EDIT: Of course there is still further room to cleanup the code and to adjust the documentation.

garrett361 · 2025-03-10T17:53:29Z

lifted argument and partial gradient support

What does lifted argument mean?

Partial gradient = when only some inputs require_grad?

bohnstingl · 2025-03-10T19:13:22Z

What does lifted argument mean?

In some cases, variables and other properties from the combine_fn are lifted as additional inputs. For example, these could be external variables, or symbolic shapes of tensors as well. In the following case

H = torch.rand(2, device=device)
def fct_freevars1(x: torch.Tensor, y: torch.Tensor):
    return x * H + y * 2

H would become a lifted variable. I know how to handle those, but I think @ydwu4 is currently working on simplifying the autograd architecture for higher order operators, such as associative scan, to simplify this handling.

Partial gradient = when only some inputs require_grad?

Yes, that is correct. Same applies here as well. I know how to handle it, but I wanted to wait for the autograd rework.

windsornguyen · 2025-03-14T17:04:02Z

Currently using associative scan for a big research project related to linear attention. (or perhaps I should say, logarithmic attention 😉)
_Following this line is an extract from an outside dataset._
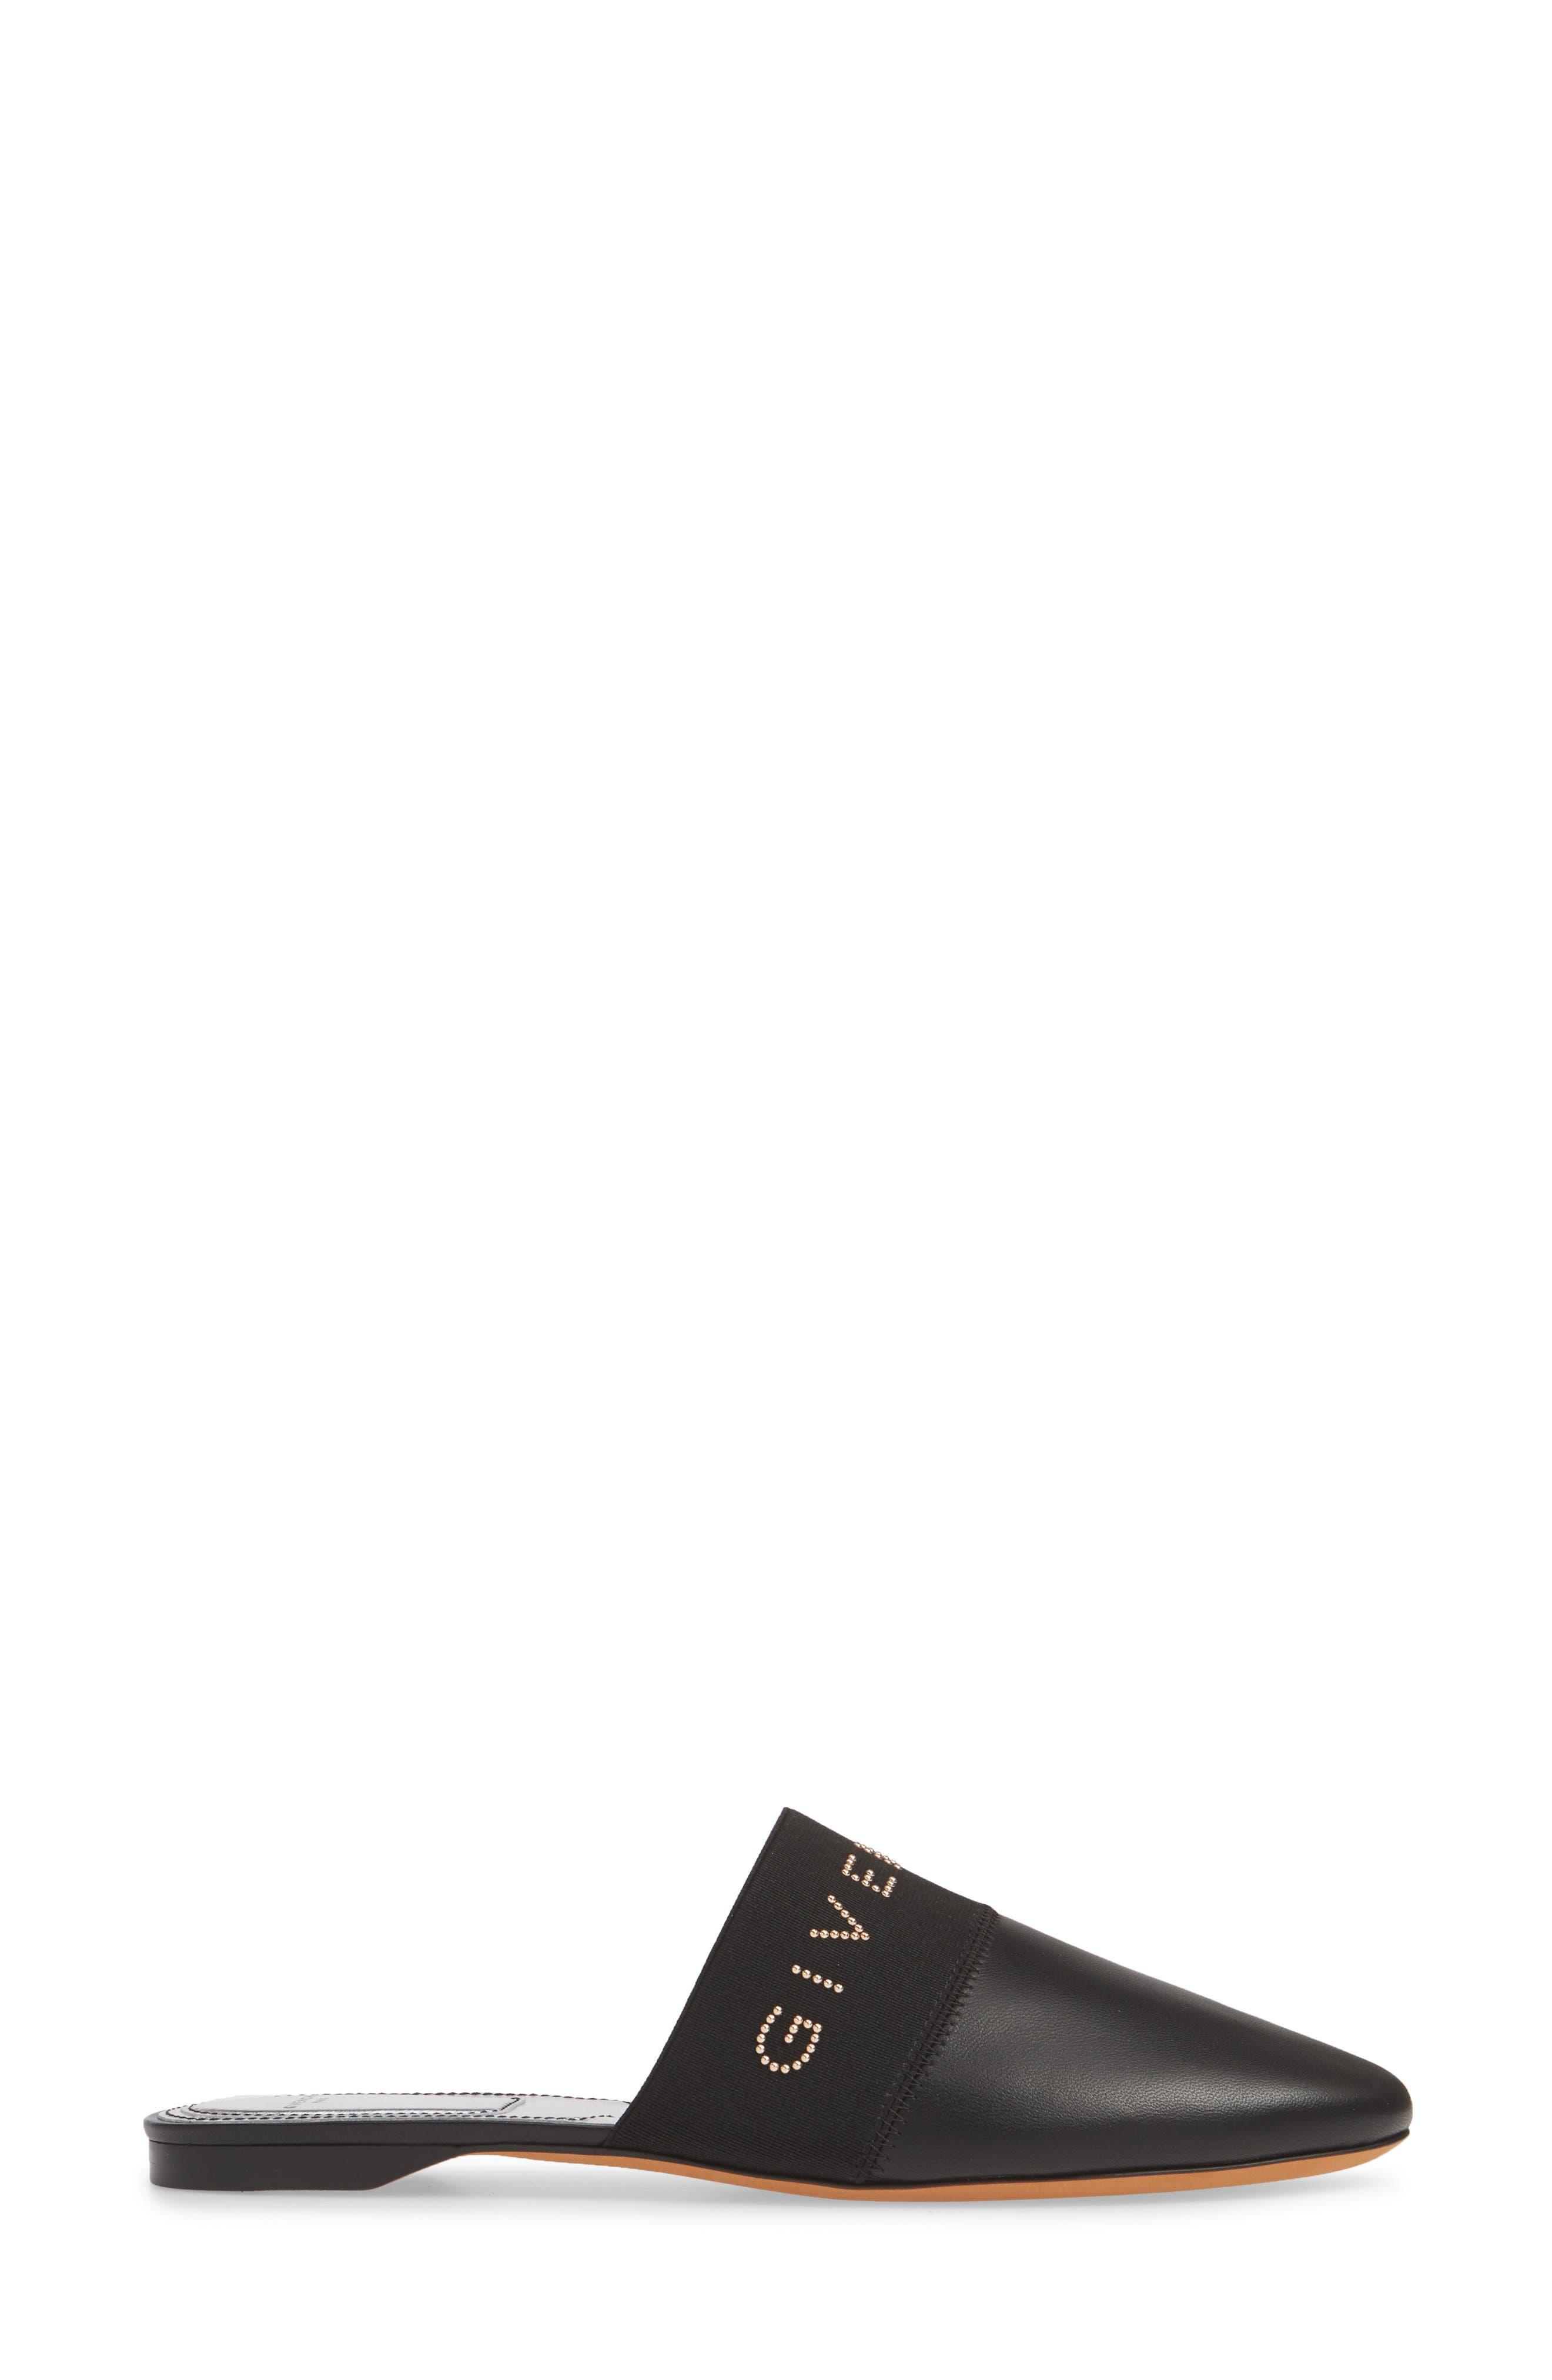 GIVENCHY,                             Bedford Logo Mule,                             Alternate thumbnail 3, color,                             BLACK/ GOLD

Is there an expected timeline for autograd support to be available? Really excited about this PR!!

…an_74

bohnstingl · 2025-03-26T20:45:35Z

torch/_higher_order_ops/associative_scan.py


 import torch
 import torch._prims_common as utils
 import torch._subclasses.functional_tensor
 import torch.utils._pytree as pytree
 from torch._C import DispatchKey
+from torch._dispatch.python import suspend_functionalization
+from torch._higher_order_ops.cond import create_bw_fn, materialize_as_graph


I think that whatever PR lands first, either this one or #146285, should move these functions from torch._higher_order_ops.cond to torch._higher_order_ops.utils?

…an_74

…ation and fixed lint issues

bohnstingl · 2025-04-03T18:43:54Z

@ydwu4 Taking your feedback from #146285 into consideration, I further cleaned up this PR and also significantly expanded the documentation of the code to make it more readable. Please let me know what you think.

…an_74

ydwu4 · 2025-04-14T23:01:08Z

torch/_higher_order_ops/associative_scan.py

+        We then proceed to compute the gradients for the xs (g_xs) by computing for every step:
+        the instantaneous for g_x_t, as well as
+        the gradient for the previous intermediate results g_h_t using
+        g_h_t, g_x_t = ctx._combine_fn_bw(ys_(t-1), xs_t)


I get lost at why _combine_fn_bw doesn't need the gradeint input g_ys_t?

Is g_h_t just ys_t? We should also define what g_h_t is in the unpacked forward.

ydwu4 · 2025-04-14T23:15:59Z

torch/_higher_order_ops/associative_scan.py

+        g_h_t, g_x_t = ctx._combine_fn_bw(ys_(t-1), xs_t)
+
+        For example:
+        g_h_0, g_x_0 = [1, 1]


I'm confused how we get these two, i thought we have xs, ys (saved by forward), and g_ys (backward inputs)?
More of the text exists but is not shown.